One part of the entries below is wanted: the lines from the one containing "WMFA_nobackground-01.png" through the one containing "Patagonia Men's Line". Write those out exactly and nothing else.

START RECORDS PROVIDED

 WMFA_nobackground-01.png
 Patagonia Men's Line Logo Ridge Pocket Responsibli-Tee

END RECORDS PROVIDED
START RECORDS PROVIDED

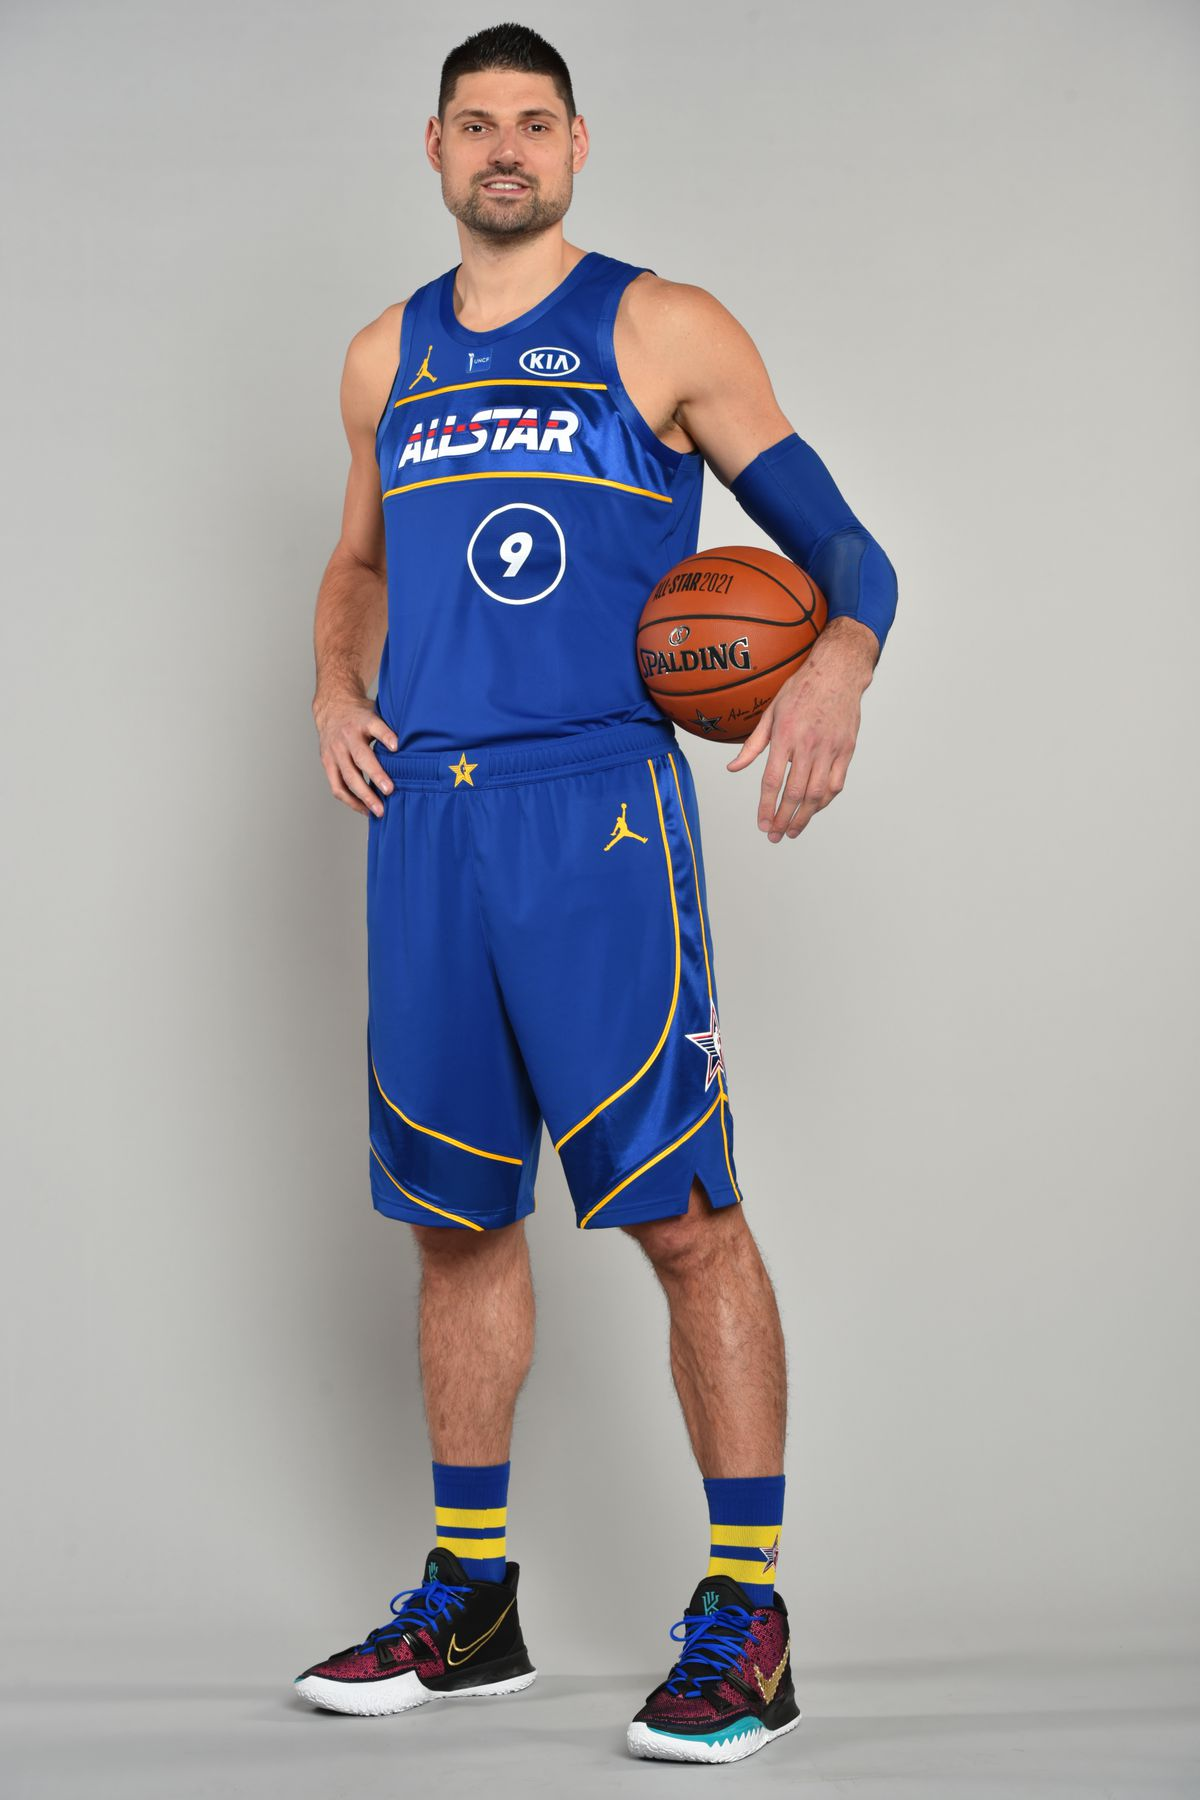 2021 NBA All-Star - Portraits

END RECORDS PROVIDED

● **OUTPUT FOR THIS TASK**:
 WMFA_nobackground-01.png
 Patagonia Men's Line Logo Ridge Pocket Responsibli-Tee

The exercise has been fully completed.